Лапин взял Ошканова за локоть, провел обратно в комнату, усадил на диван и сам сел рядом. Поодаль на стуле застыла Ксения Марковна, все не сводящая глаз со своего ночного гостя.
— Что вы делали ночью в лаборатории? — спросил Лапин. Зачем включили генератор?
Ошканов, насупившись, долго молчал.
— Я жил с единственной целью, — хрипло произнес он, создать рабочую теорию революционных переворотов в науке и технике, на основе законов диалектики, прочно соединенную с математикой. Тогда, начиная любое исследование, ученый сможет заглядывать в будущее и заранее предусматривать все возможные последствия от своего творения. Куда там! Меня никогда не принимали всерьез. А ведь еще шестнадцать лет тому назад я на основе своей теории предсказал, куда ведет поиск отрицательных абсолютных температур.

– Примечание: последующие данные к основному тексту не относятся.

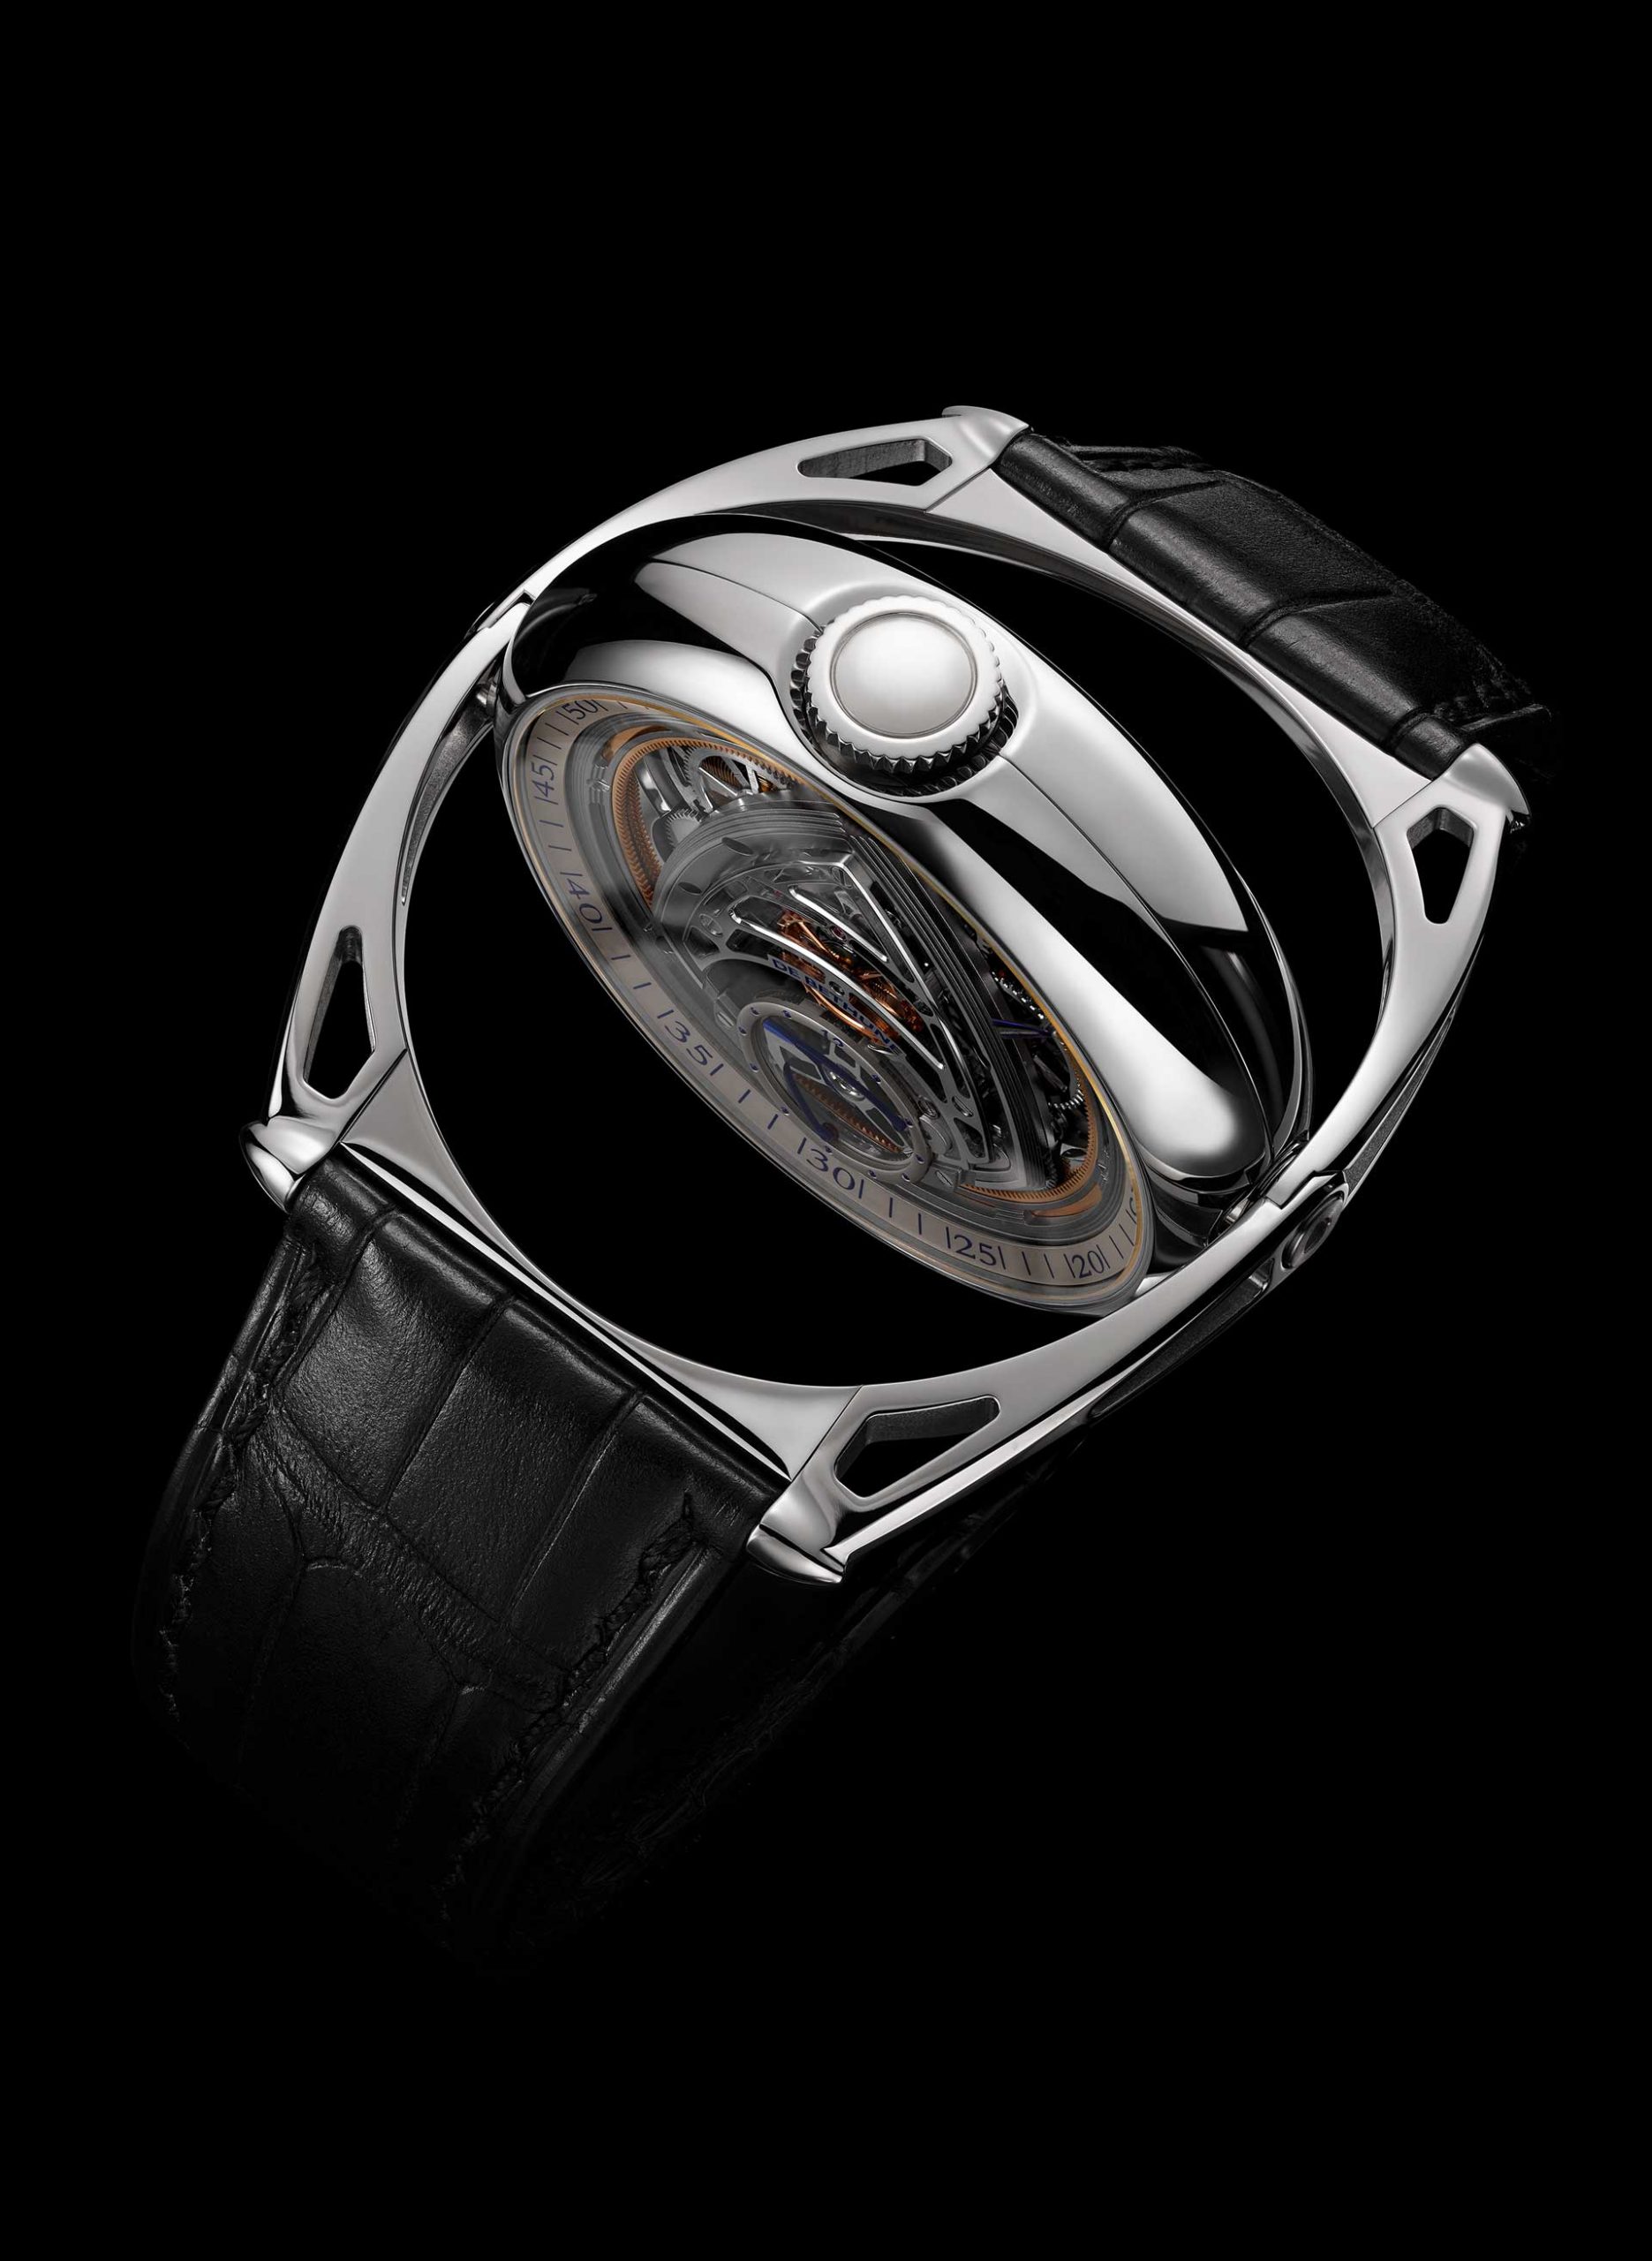 DeBethune-DB28-Kind-of-Two-Jumping-GMT-reversibile-Robb-Report-Italia

— Куда же? — Лапин заглянул в лицо Ошканова.
— В область самопроизвольного возникновения тахионов, создание в пространстве замкнутого объема с обратным ходом времени.
— Ч-ч-черт! — Лапин хлопнул себя по коленям, вскочил и заходил по комнате. — Отрицательное-то время мы отнесли к категории мнимых величин, к чисто математической абстракции. Это значит — остановились на полдороге. Недотепы! Олухи! Но вы-то, вы, Ефим Константинович? Вы чего же во все колокола не били? Как могли вы спокойненько сидеть у своего кульмана и чертить болтики-винтики, зная, что уже идут исследования, идет вторжение в мир отрицательных абсолютных температур?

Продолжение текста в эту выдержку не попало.